I have mentioned the distinction that the Protestant Reformers drew between Law and gospel in scripture. What even the early Protestants were not able to accept is that this is not merely a division between verses of scripture, but also between covenants. Many Christians read the passage above in Paul’s Epistle to the Galatians and assume that when Paul uses the term translated as “Law”, he does not mean the Mosaic Covenant but simply an outward, typological part of that covenant, or else he is referring to people who thought they could fulfill the covenantal demands without the help of faith.

I disagree. Scripture actually teaches that the whole Mosaic Covenant, referred to as the Old Covenant, was based on works. That is to say, the path to blessing it offered was through the performance of righteous acts, namely the keeping of the Mosaic Law. There was no separation between the Mosaic Covenant and the Law. This is why Paul says, “However, the Law is not of faith; on the contrary, ‘He who practices them shall live by them.’” (Galatians 3:12) This is a reference to what is written in the Book of Leviticus: “You must obey my laws and be careful to follow my decrees. I am the Lord your God. Keep my decrees and laws, for the person who obeys them will live by them.
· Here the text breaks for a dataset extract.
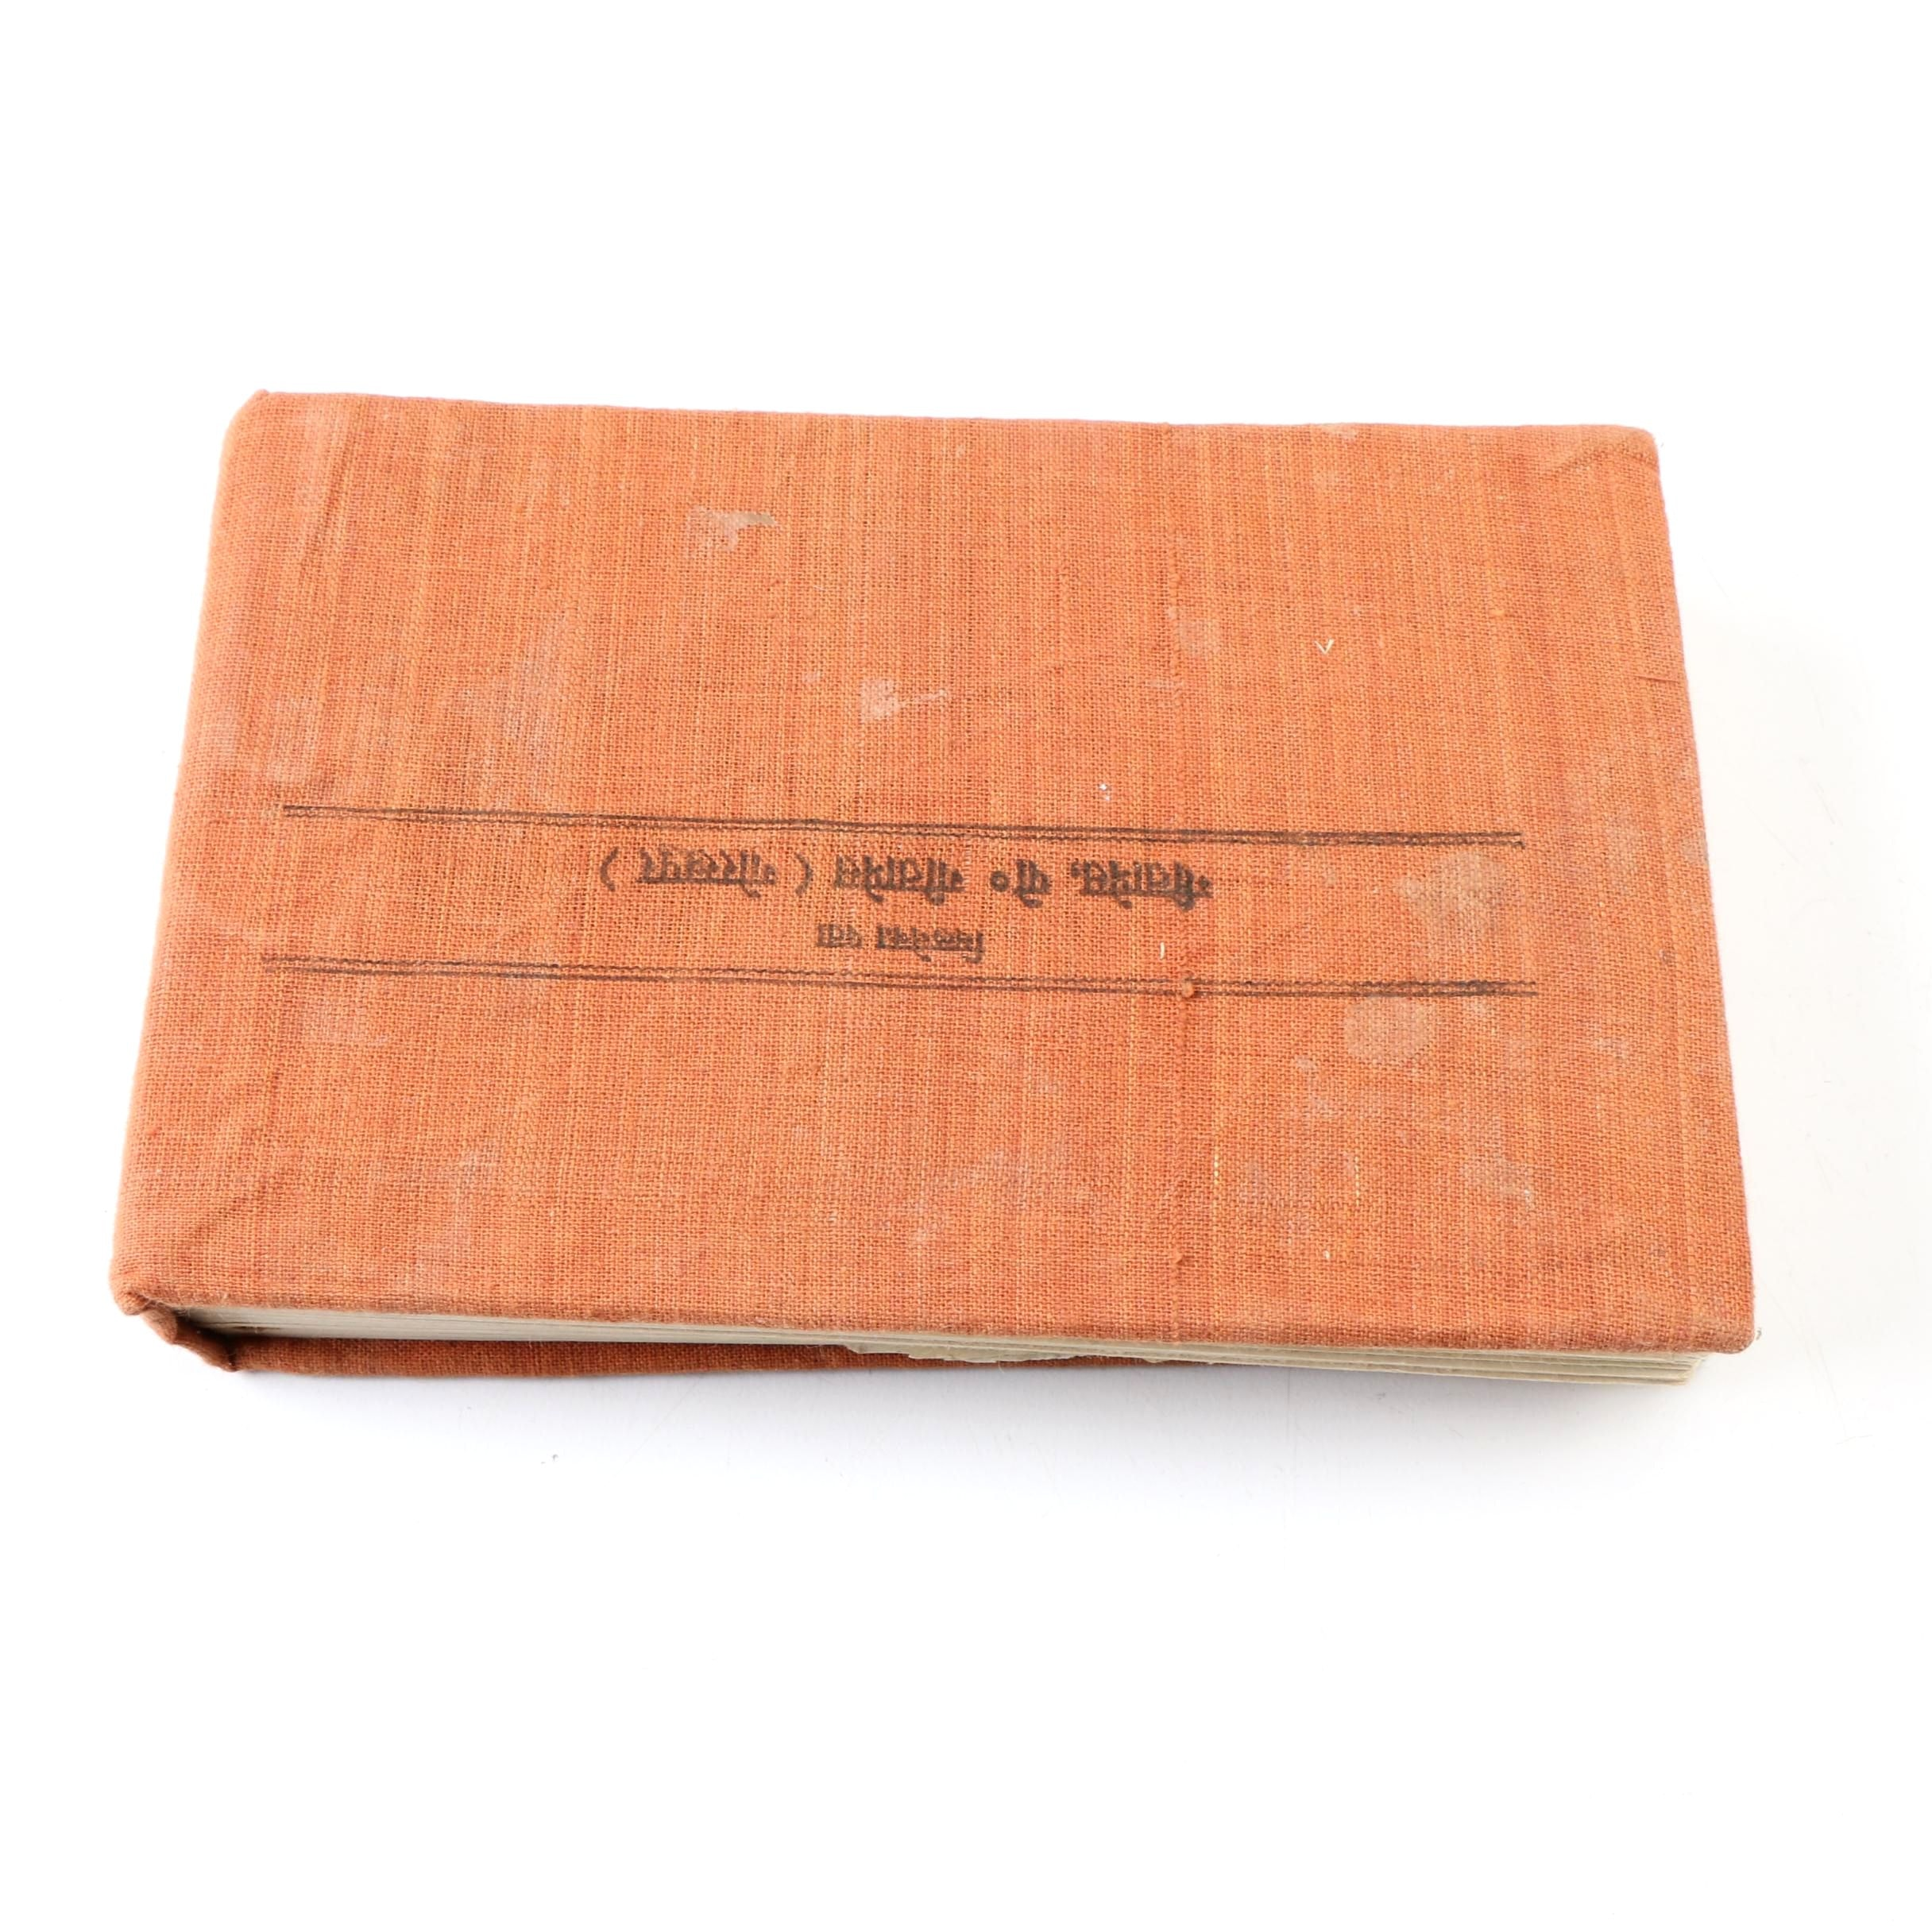 Indian Hindu Cloth on Board Bound Book

I am the Lord.” (18:4-5)

As proof of this interpretation, I offer the following passage from that same Epistle to the Galatians, which makes an explicit distinction between covenants.

“For it is written that Abraham had two sons, one by the bondwoman and one by the free woman. But the son by the bondwoman was born according to the flesh, and the son by the free woman through the promise. This is allegorically speaking, for these women are two covenants: one proceeding from Mount Sinai bearing children who are to be slaves; she is Hagar. Now this Hagar is Mount Sinai in Arabia and corresponds to the present Jerusalem, for she is in slavery with her children. But the Jerusalem above is free; she is our mother…And you brethren, like Isaac, are children of promise. But as at that time he who was born according to the flesh persecuted him who was born according to the Spirit, so it is now also…So then, brethren, we are not children of a bondwoman, but of the free woman.”

Galatians 4:22-26, 28-29, 31

Paul refers here to two covenants: one that corresponds to Hagar and bears children who will be slaves, and another that corresponds to Sarah and bears children who will be free. The first can be identified by his comment that it proceeds from Mount Sinai. This is the Mosaic Covenant. That very thing that the ethnic Israelites thought made them free children of God and heirs of the promise had in fact made them slaves, placing them under the burden of commands that were meant to reveal their need for grace more than offering them grace. For, as Paul teaches, no flesh can be justified by Law. After the Fall, a covenant like the Mosaic Covenant may be gracious, but no human being can meet its demands and thus be declared righteous.

The second covenant which bears free children of the promise seems quite clearly to be the New Covenant inaugurated with the Atonement of Jesus Christ. It alone was able to set its participants free by offering a better sacrifice and a sufficiency of righteousness. The author of the Epistle to the Hebrews wrote the following about those were priests under the Old Covenant.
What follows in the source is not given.